TASK DIRECTIONS:
Given the records underneath, please repeat exactly the lines from the line with "Hard Yakka Toughmaxx Short Shorts Y05166" through the line with "home design 3d app", passing over any picture.

INPUT FOR THIS TASK:
+ + + +

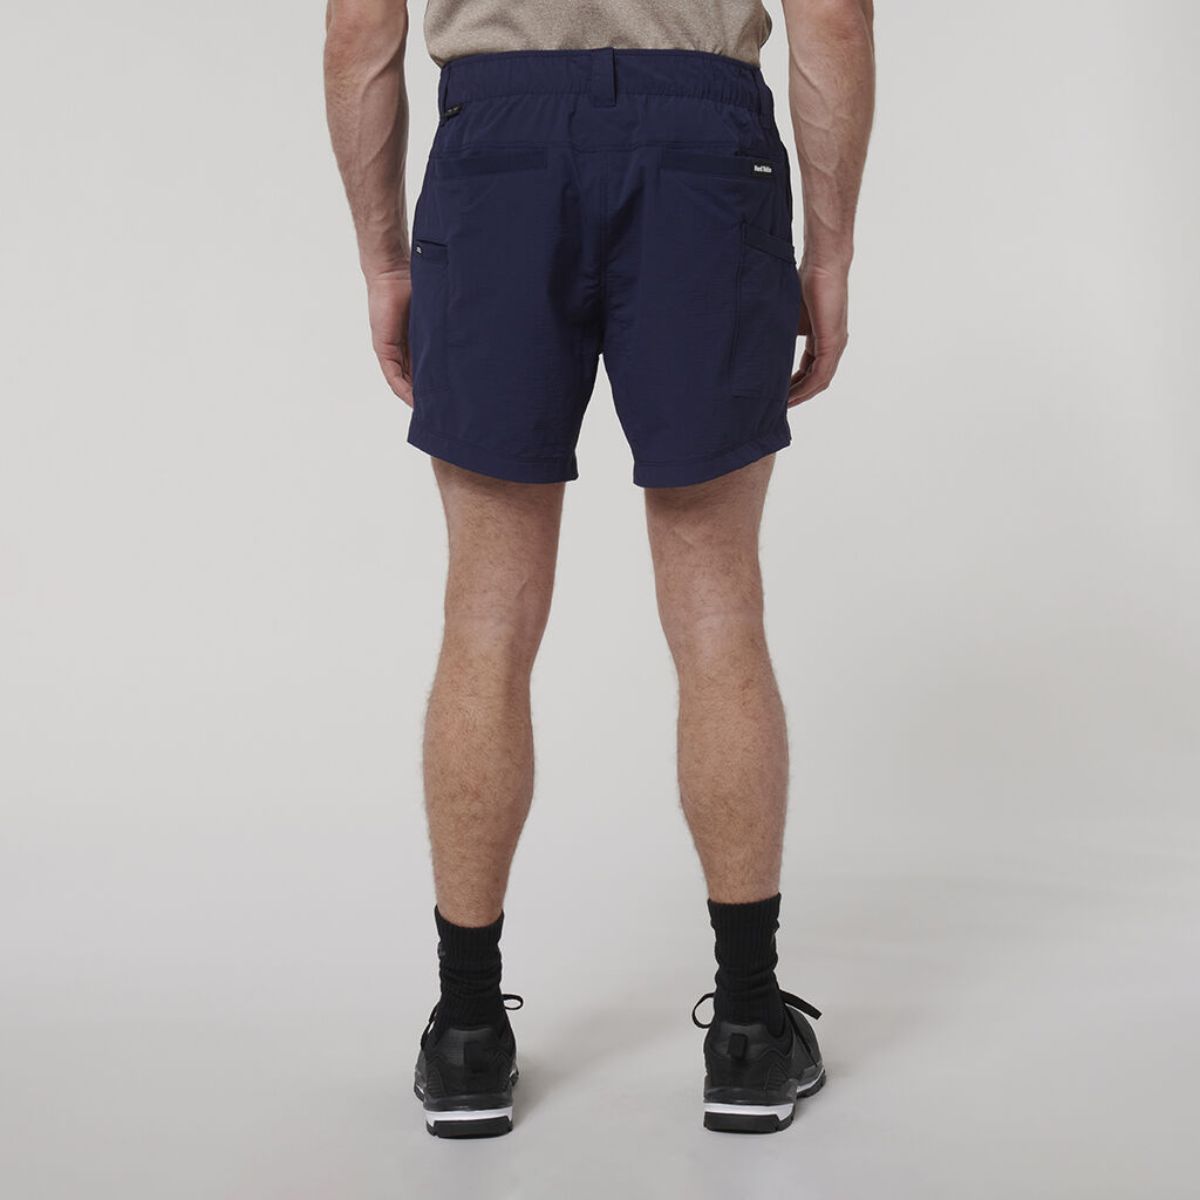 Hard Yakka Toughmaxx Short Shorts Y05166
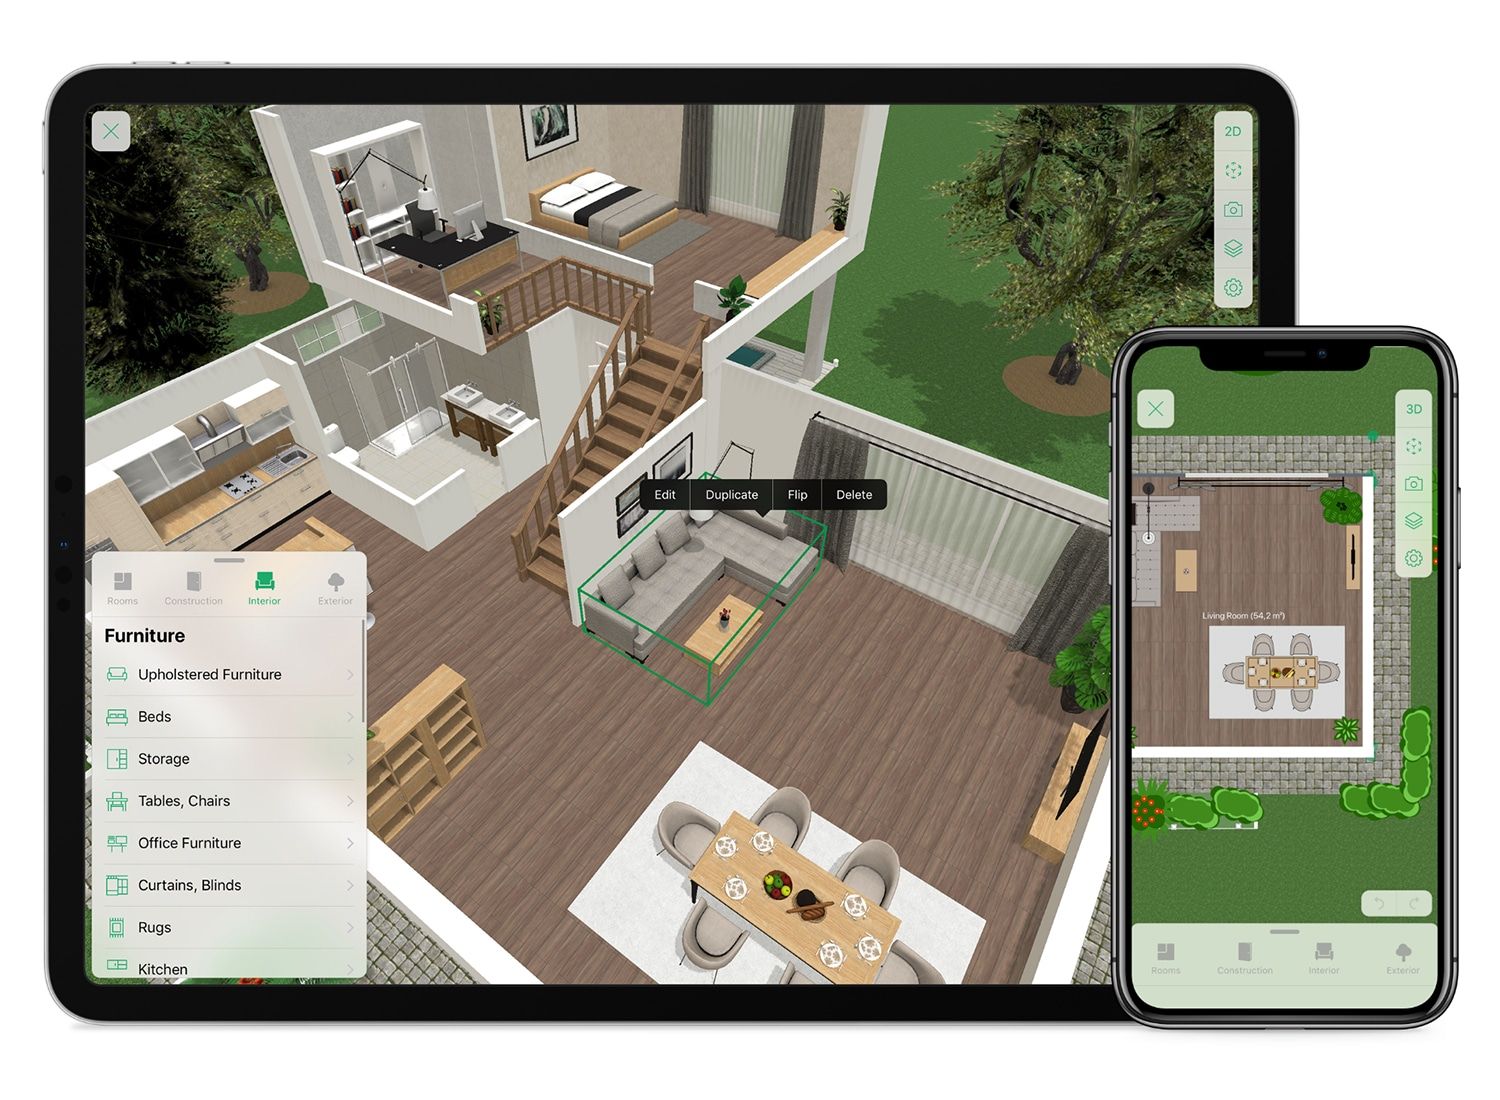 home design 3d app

+ + + +

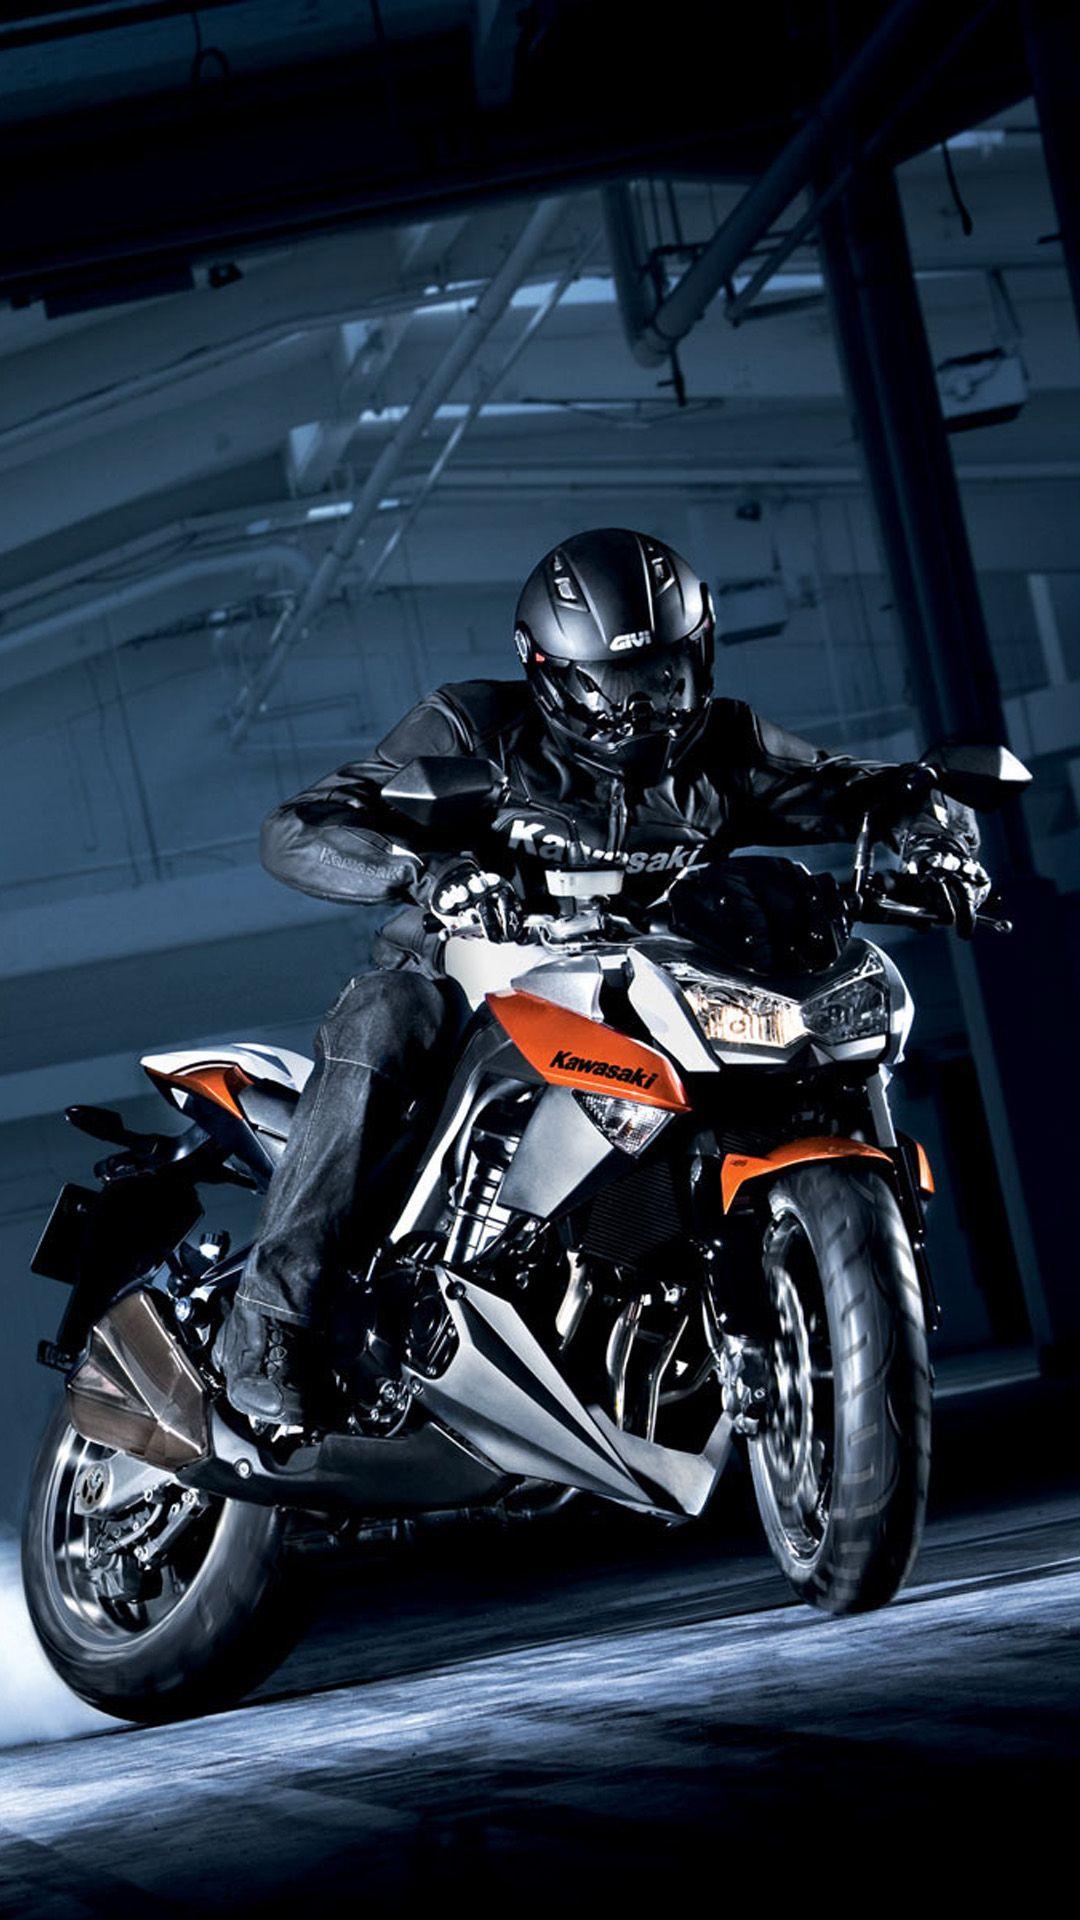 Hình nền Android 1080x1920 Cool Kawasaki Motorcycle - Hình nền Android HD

+ + + +

EXPECTED ANSWER:
 Hard Yakka Toughmaxx Short Shorts Y05166
 home design 3d app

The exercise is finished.